#### [Try it]
Retype the data below verbatim; pictures do not belong in the copy.

#### [Supplied material]
⁂
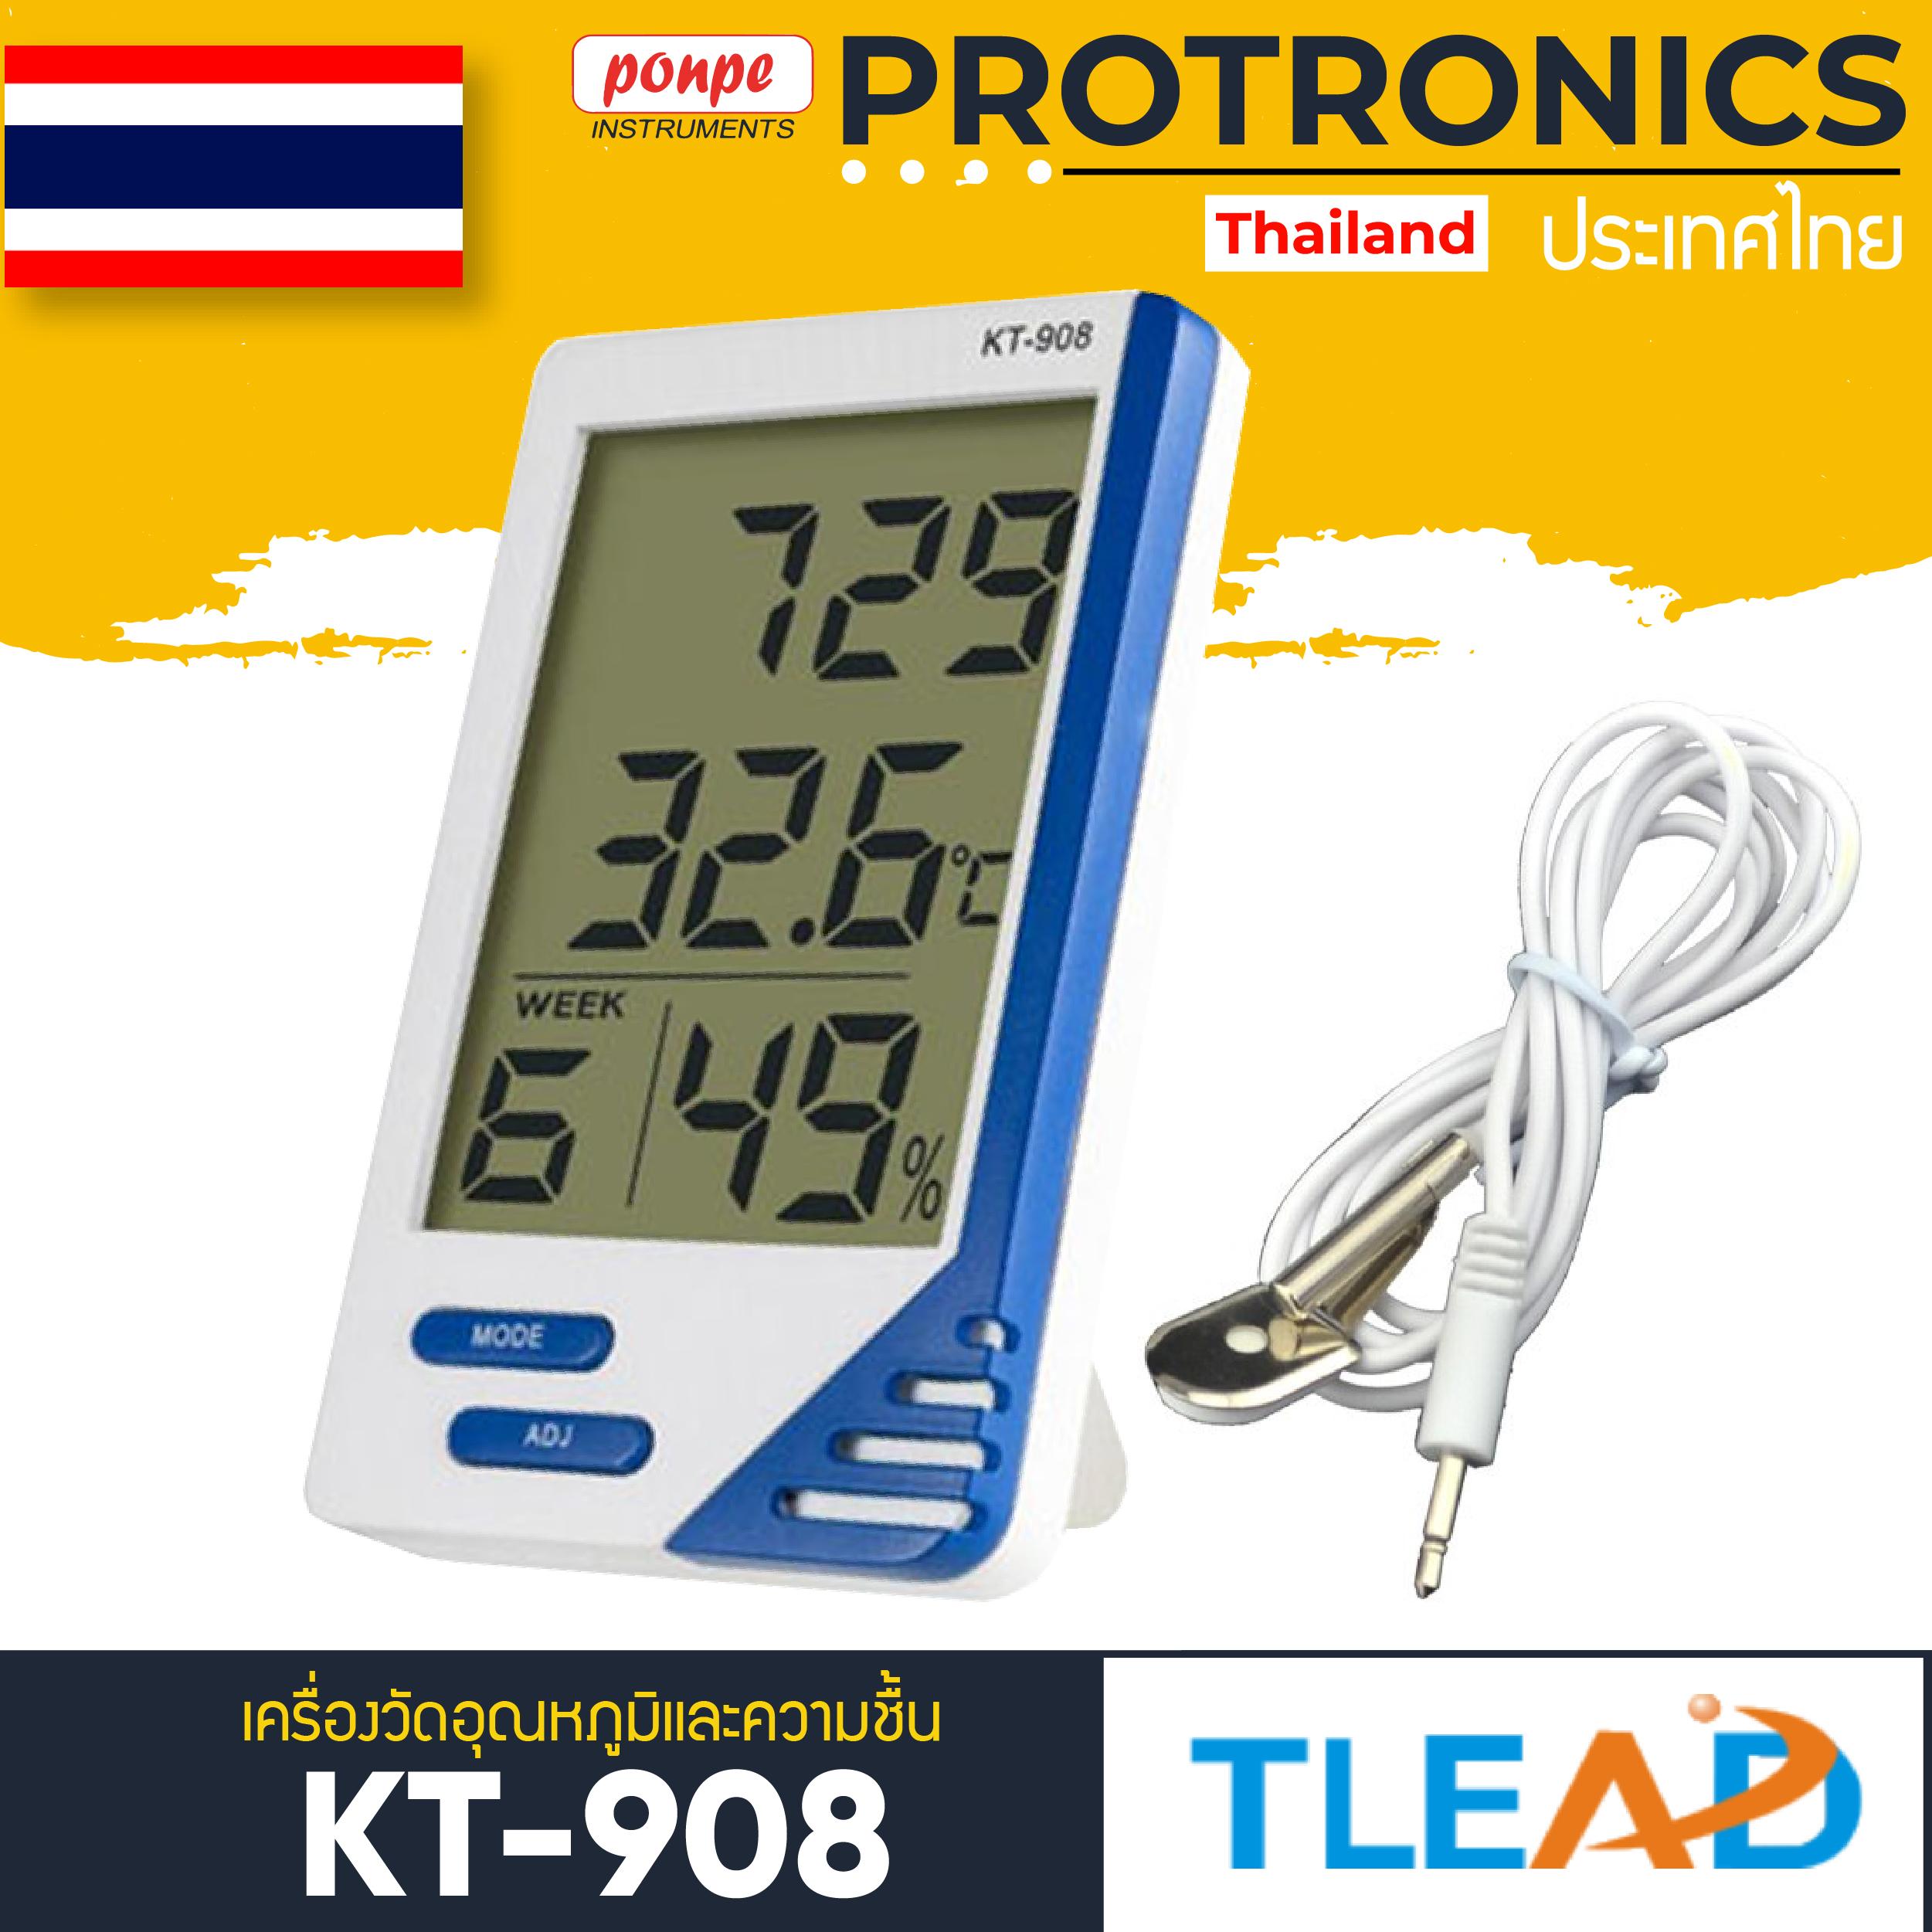 KT-908 JEDTO เครื่องวัดอุณหภูมิ ความชื้น Thermo-Hygrometer
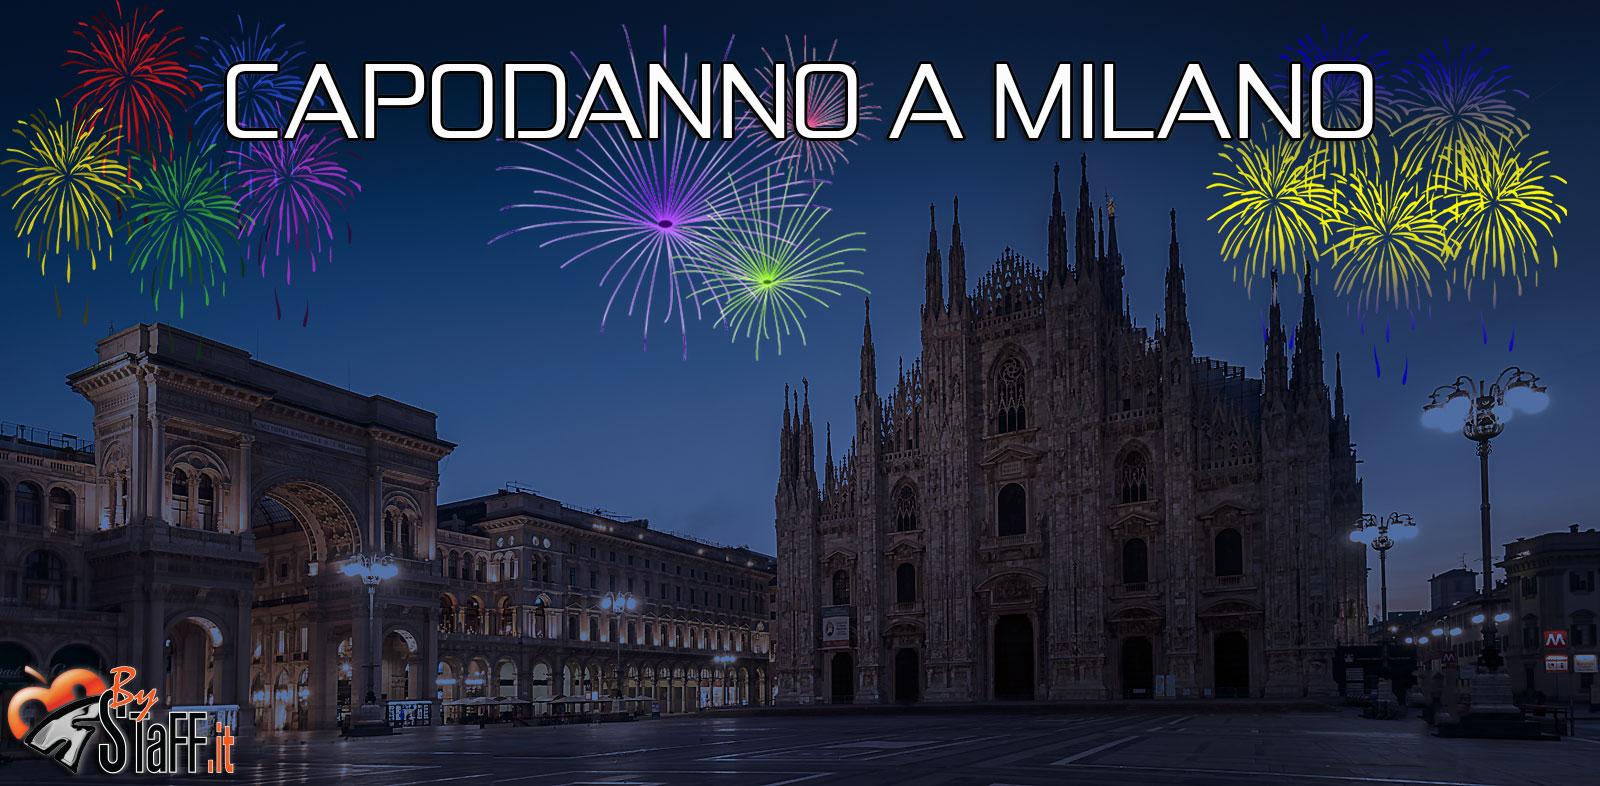 Capodanno a Milano - #bystaff.it
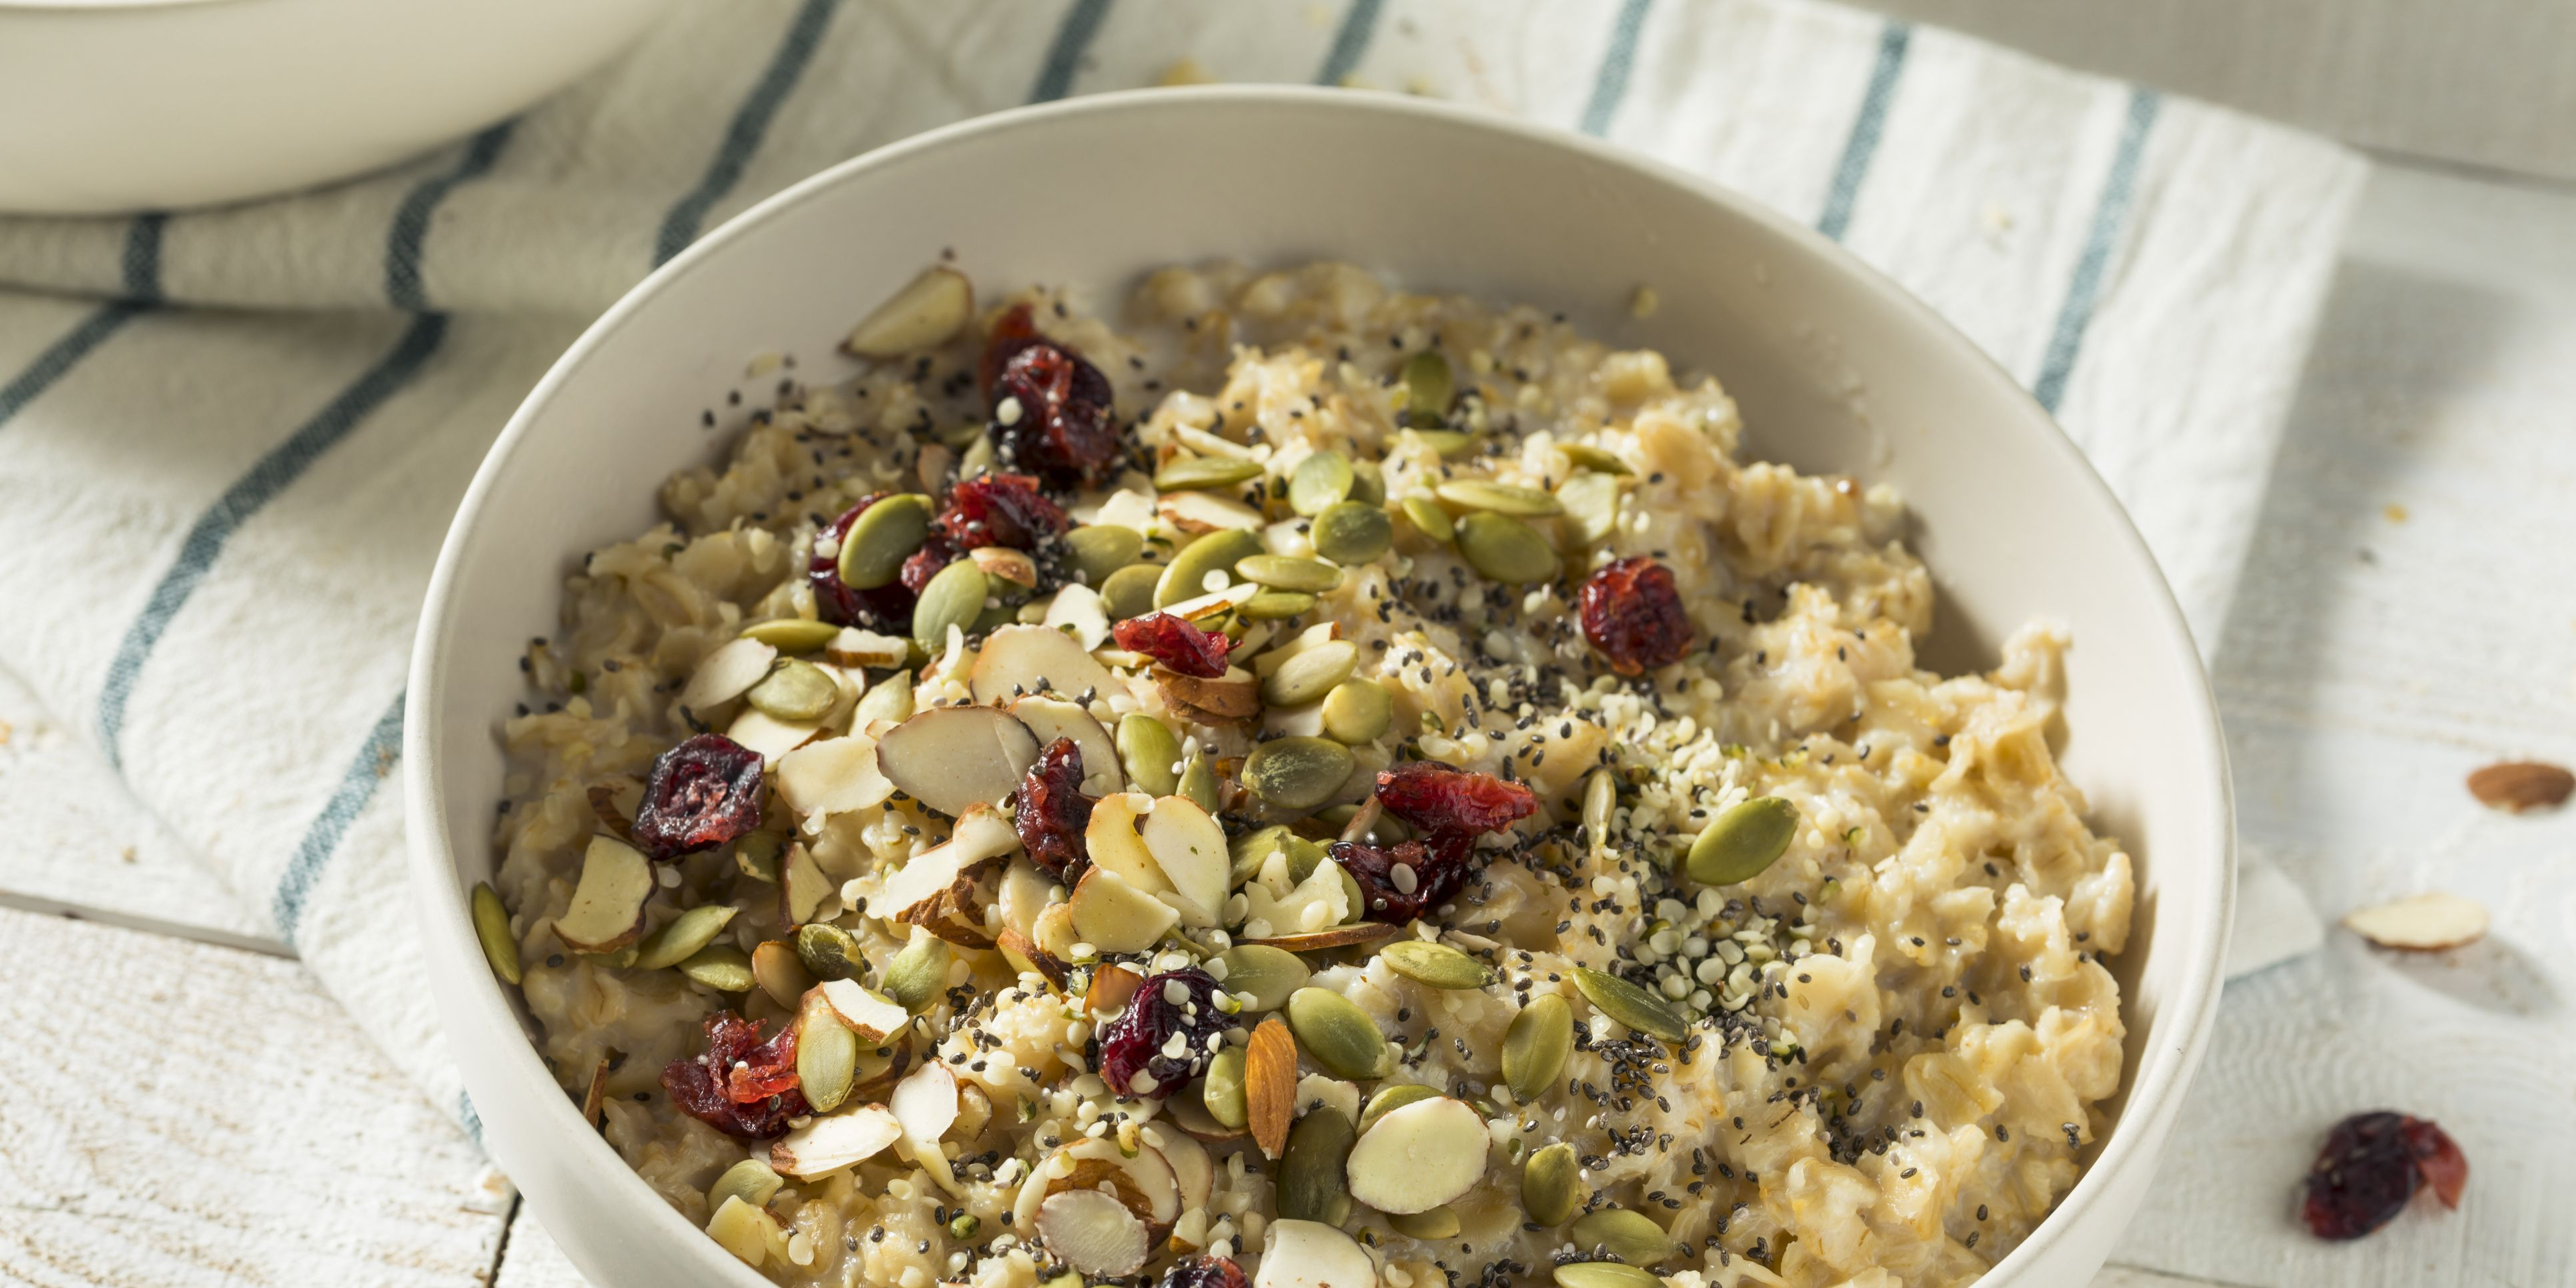 Healthy Organic Superfood Oatmeal Breakfast
⁂
#### [Task output]
 KT-908 JEDTO เครื่องวัดอุณหภูมิ ความชื้น Thermo-Hygrometer
 Capodanno a Milano - #bystaff.it
 Healthy Organic Superfood Oatmeal Breakfast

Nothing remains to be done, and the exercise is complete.